My son and stepsons have heard me talk plenty.  I try to share life lessons and give good, wise instruction.  I even admit areas where I have made mistakes and regrets.

You may do the same thing with your kids.

You may also find your kids have the ability to tune you out at times.  Voices other than yours can become quite loud – friends, celebrities, random people on the Internet.

So, how can we as fathers give solid input to our kids without directly giving it?

All you need is a chalk-board, chalk and Google.

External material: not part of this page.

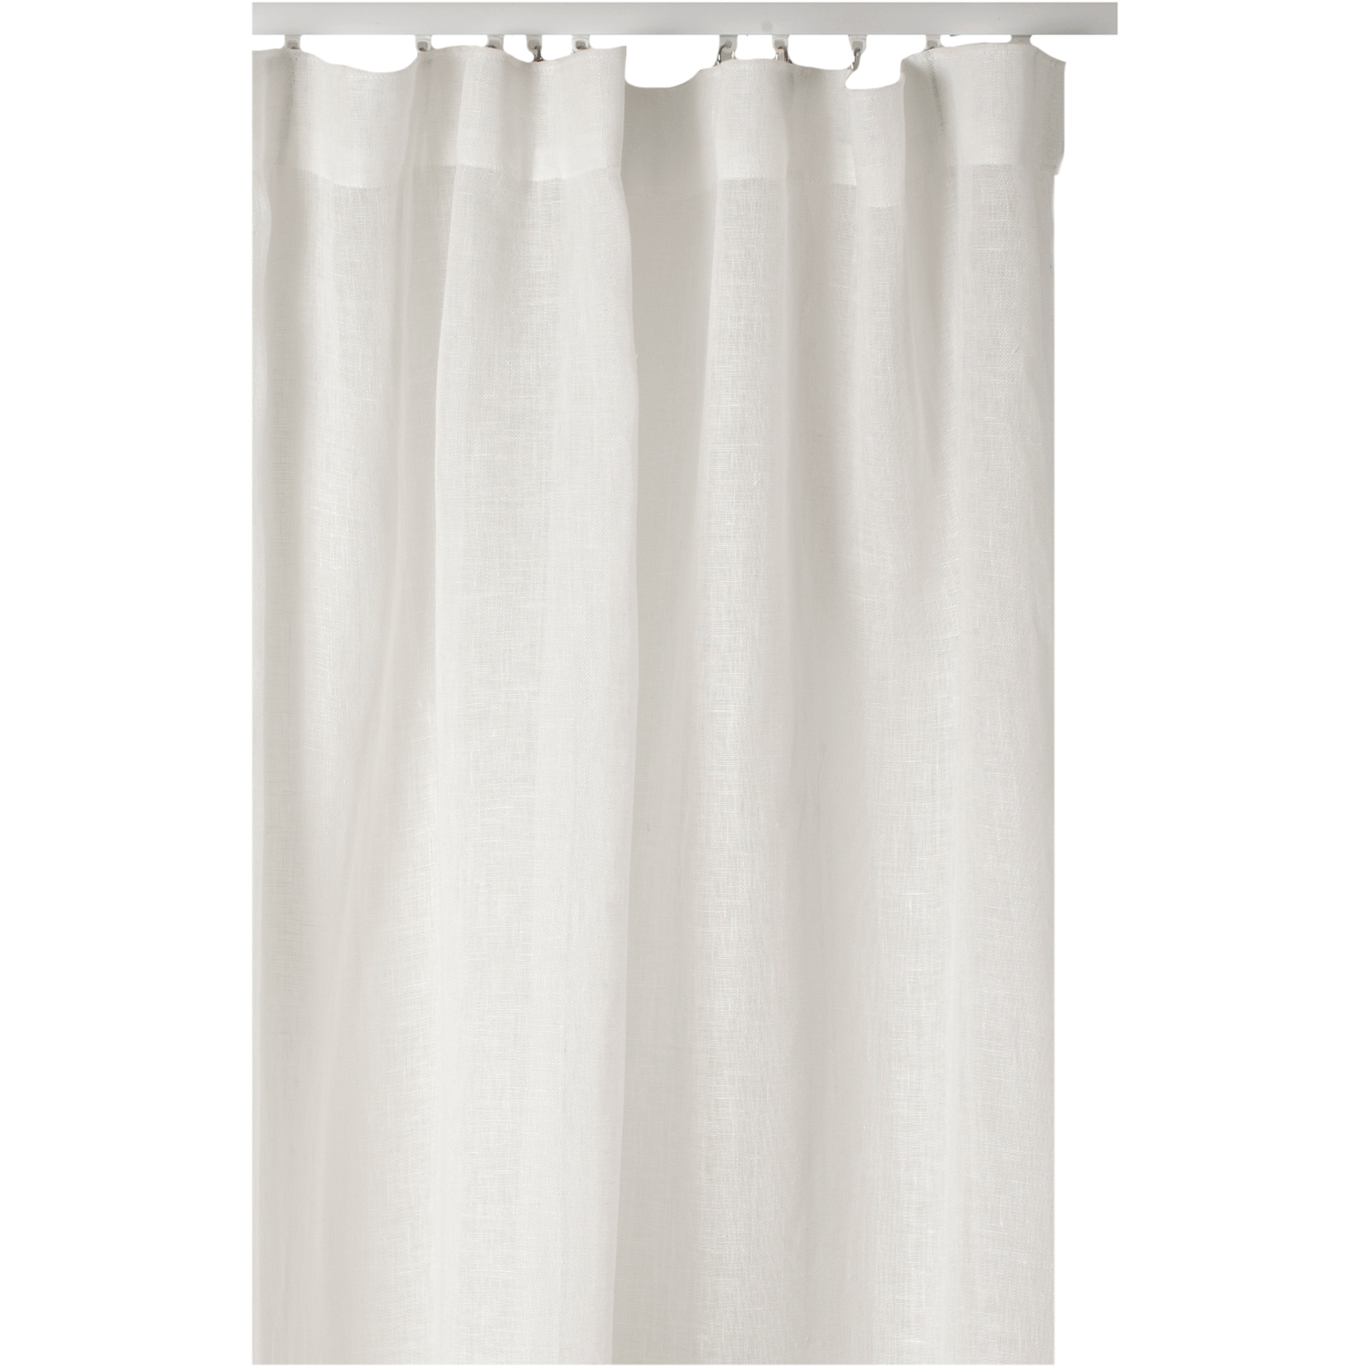 Sirocco Curtain With Heading Tape 135x250 cm, White

This week (our first week back to school) marks the beginning of the weekly (or semi-weekly, or daily) quote of the day.  Many of you may have already done this, but it is new for us.

lou-holtz-lou-holtz-do-right-do-your-best-treat-others-as-you-want-toLong story short, I picked a Lou Holtz quote for the first week – it has some extra meaning to my stepsons.  Coach Holtz said something i would like to tell all four boys, but coming from him it may have some additional impact.

If you were to look at the actual board in our home, it would have my crappy handwriting and no frills.  Just a simple message and a potential conversation starter.

I found this by picking a public figure, typing his name and the word “quotes” into Google, and letting it rip.  For the graphic in today’s post, I did the same search in Google Images.

You could simplify and write out or print out a quote and tape it to a bedroom door or mirror.

You could put it on a Post-It note in a lunchbox.

You could save it as the background image on their phone or tablet.

Just mix it up,

My hope is my son and stepsons will respect me and listen to my counsel.  But I also know they need a variety of messengers, and we can pick who some of those people speaking into their lives are and what they have to say.

Have you ever had a quote board in your home?  If so, which quote has elicited the greatest reaction from your kids?